Die Clearing-Lösung ermöglicht außerdem eine hochauflösende Bildgebung von Details auf zellulärer Ebene tiefer in die Sphäroide ohne histologische Schnitte. Mit dreidimensionalen konfokalen Bildern können Details auf zellulärer Ebene in einer Tiefe von 200 Mikrometern erhalten werden. Weiterhin wird ein Vergleich zwischen kryogeschnittenem und geklärtem Lochsphäroid, gefärbt für Pimonidazol und p27kip1, gezeigt.
Die Pimonidazol-Färbung zeigt die hypoxische Region des Sphäroides, und die p27kip1-Färbung markiert den Zellzyklusstillstand und die DAPI-Kernfärbung. Tiefere Penetration und weniger Streuung ermöglichen eine verbesserte dreidimensionale Sphäroidstrukturdarstellung mit minimalem Lichtverlust. Die dreidimensionale Darstellung der mit DRAQ7 gefärbten FUCCI-Sphäroide wird gezeigt.
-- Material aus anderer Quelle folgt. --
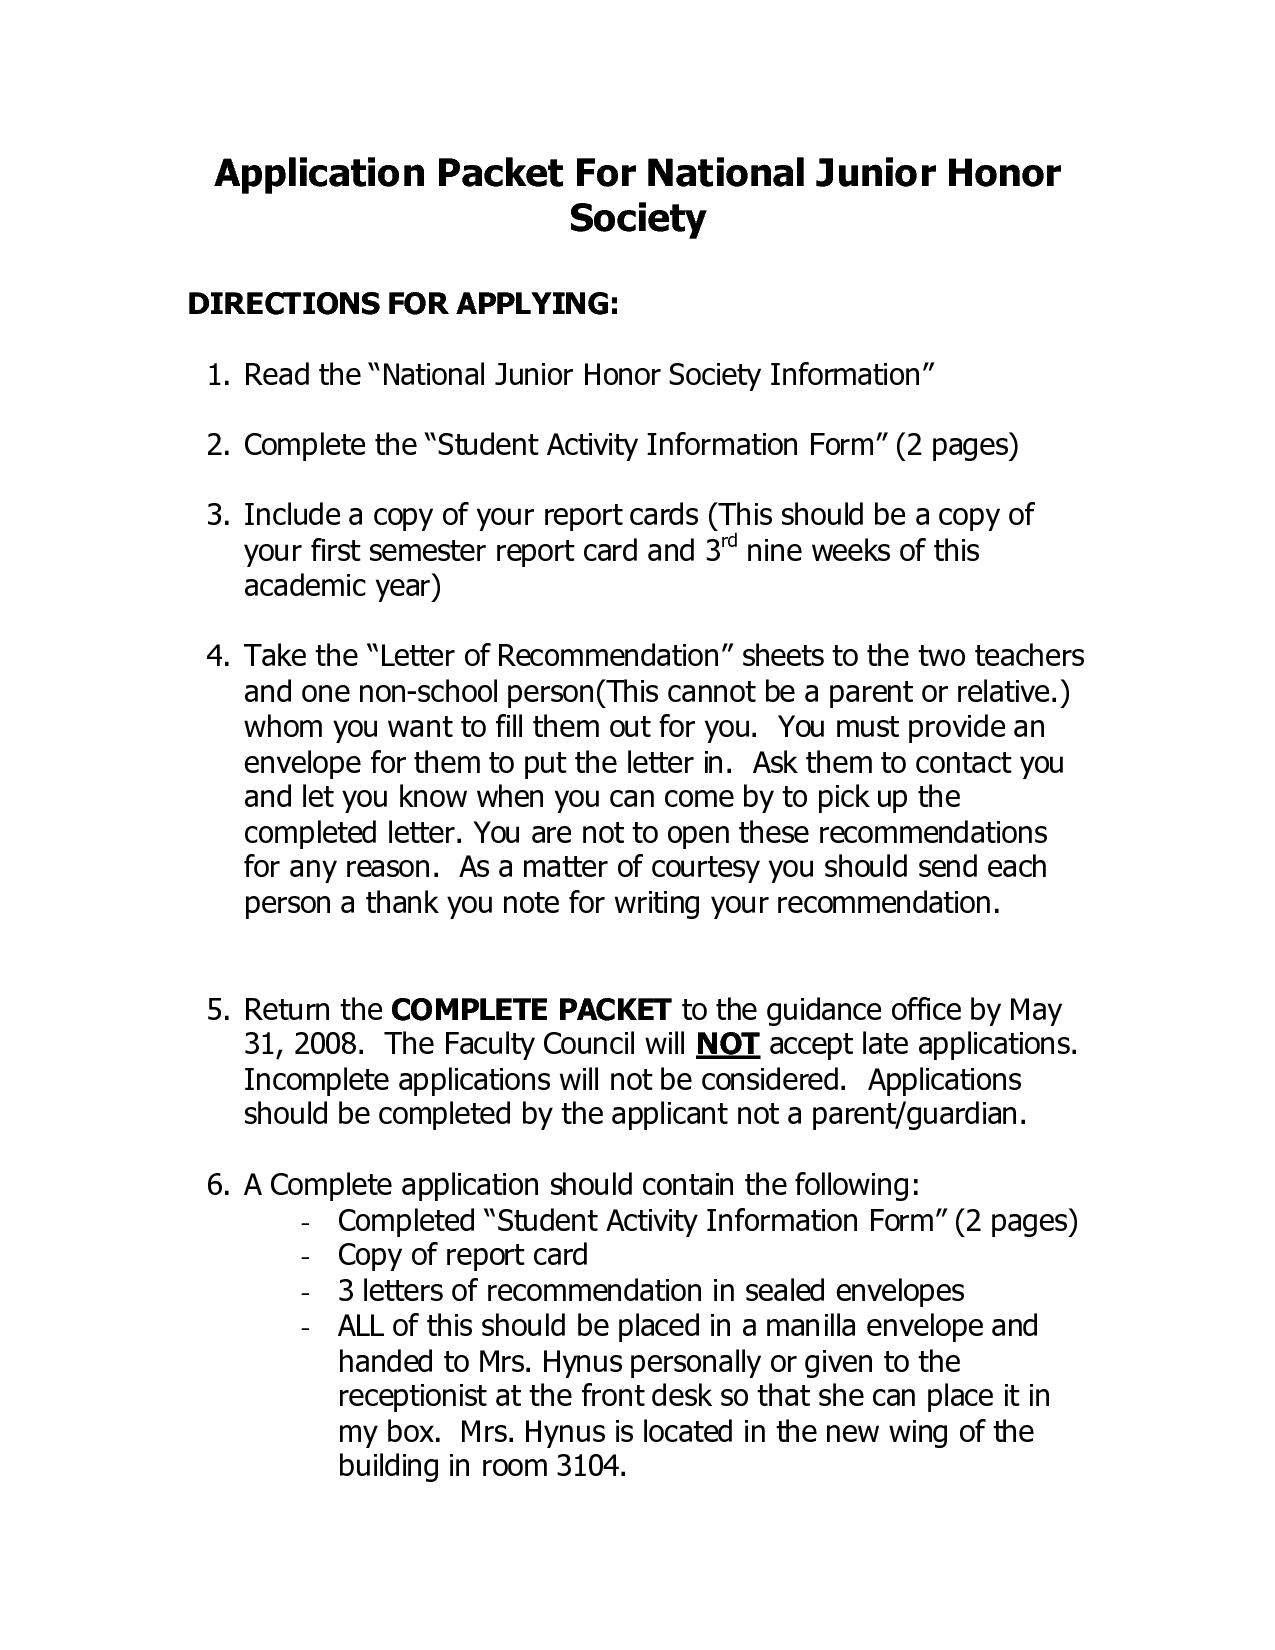 national junior honor society essay help

Die Clearing-Lösung hat nur minimale Auswirkungen auf die Sphäroidgröße. Der Durchmesser des Sphäroides wurde anhand einer Kugel mit der gleichen Querschnittsfläche wie das Sphäroid definiert. Es wurde beobachtet, dass die Sphäroide in den ersten sechs Stunden leicht an Größe zunahmen, was durch eine Umfangsfaltenänderung zwischen 2% und 6% angezeigt wird.Im Gegensatz dazu kehrten die Sphäroide nach 24 bis 72 Stunden zu einer Größe zurück, die ungefähr der entsprechenden Größe bei PBS-postparaformaldehyd-Fixierung entspricht.
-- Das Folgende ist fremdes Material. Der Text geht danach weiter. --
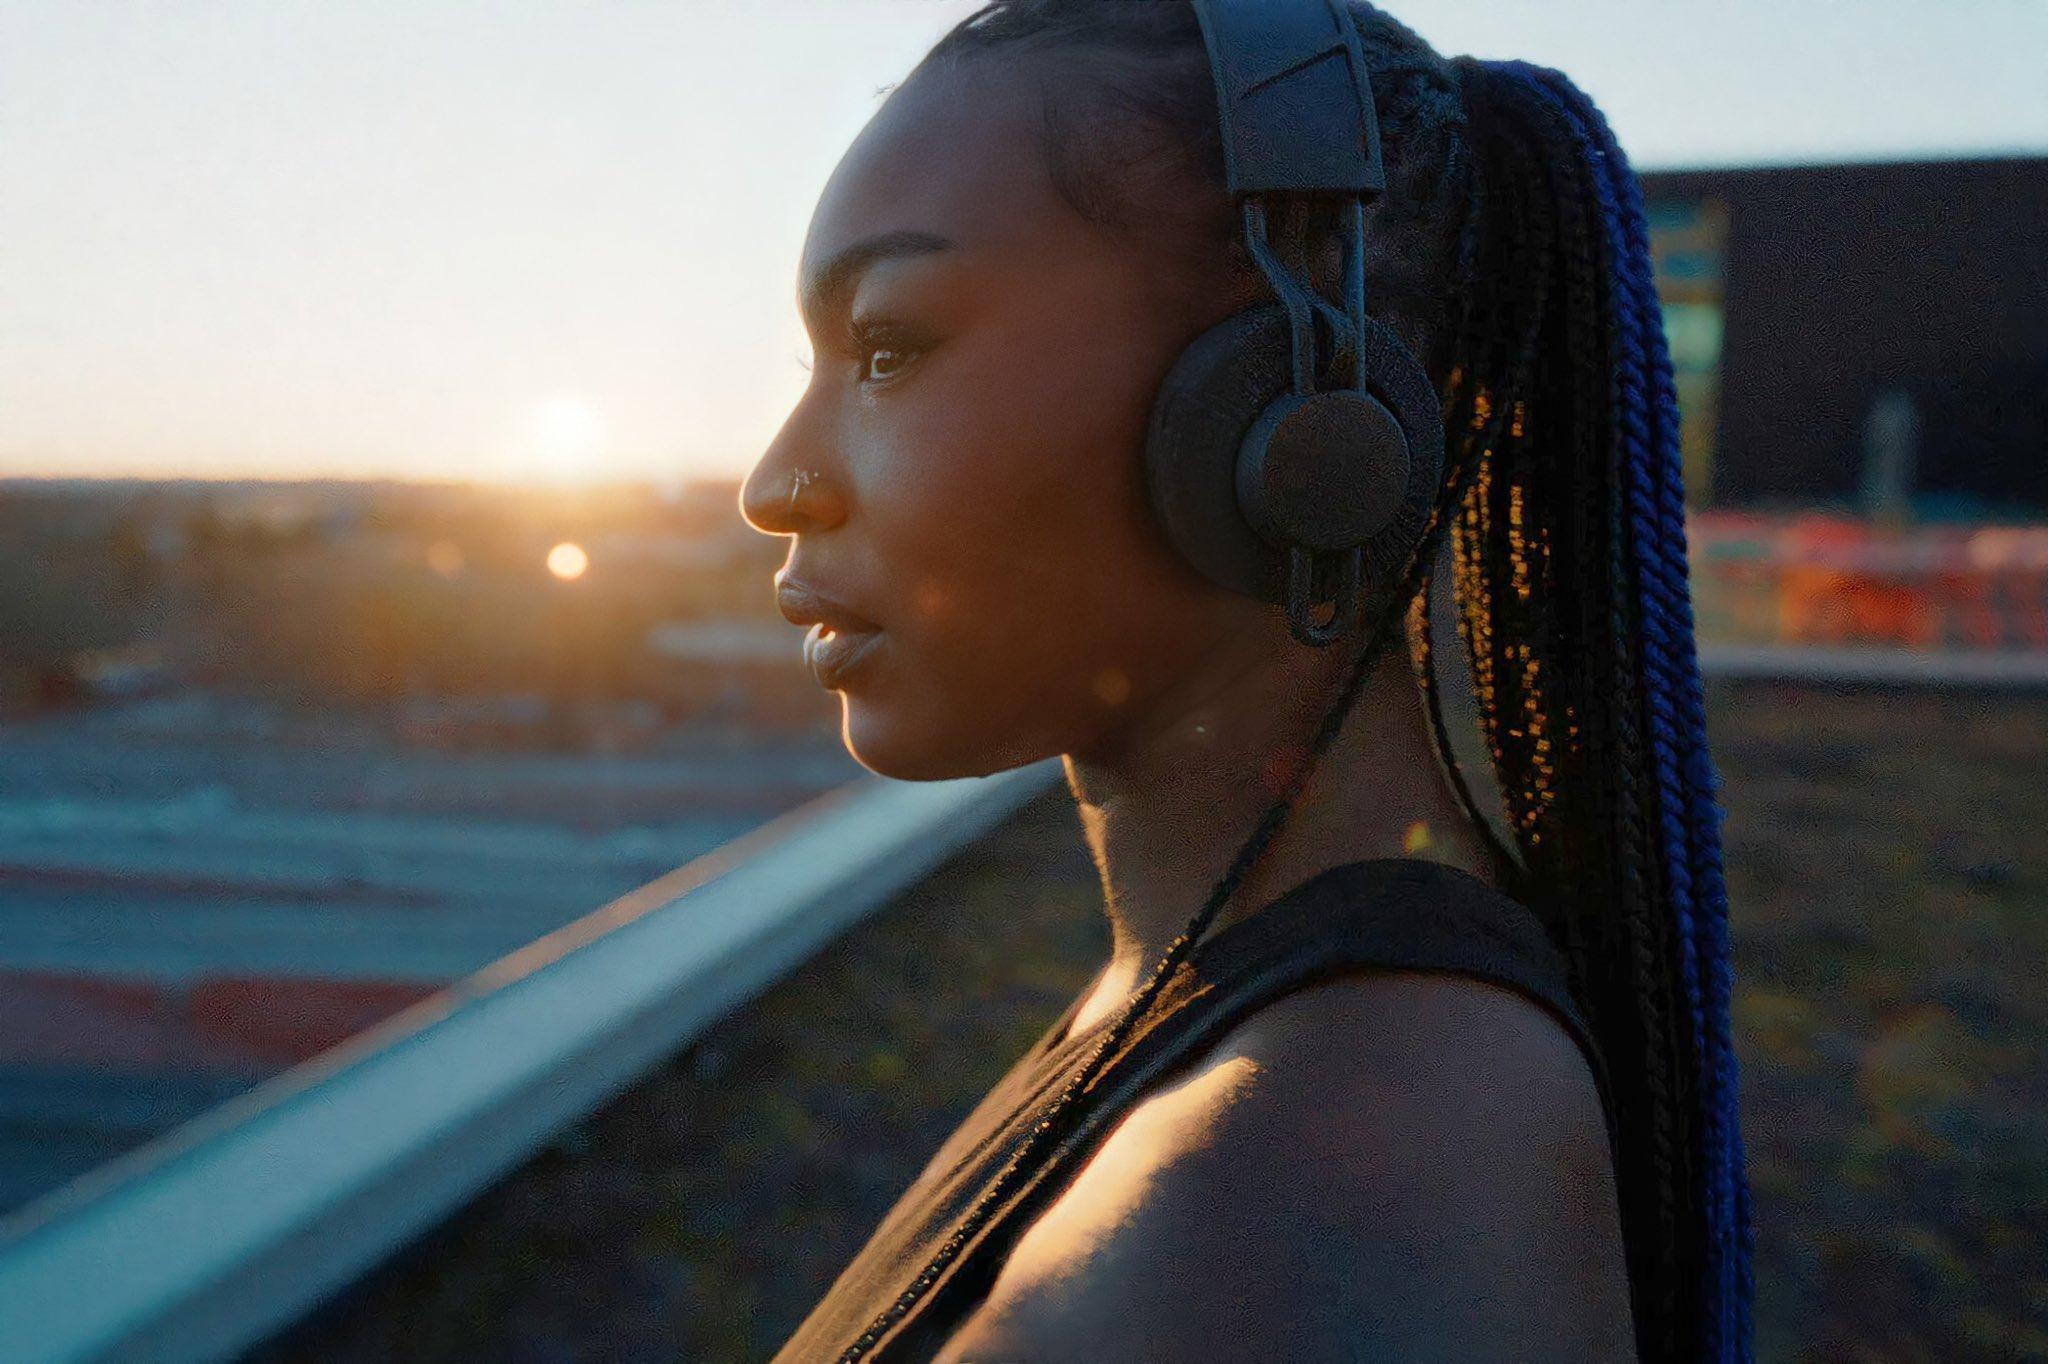 Adidas unveils environment friendly solar-powered headphones

Es ist wichtig, mindestens 24 Stunden vor der Bildgebung zu warten, damit die Reinigungslösung mit den Sphäroiden und dem Gel ausgeglichen ist. Dieses Protokoll ermöglicht es Praktikern, schnell Daten von einer großen Anzahl von Sphäroiden zu sammeln, was eine detaillierte quantitative mathematische und statistische Analyse ermöglicht, die detaillierte Einblicke in die Biologie bietet.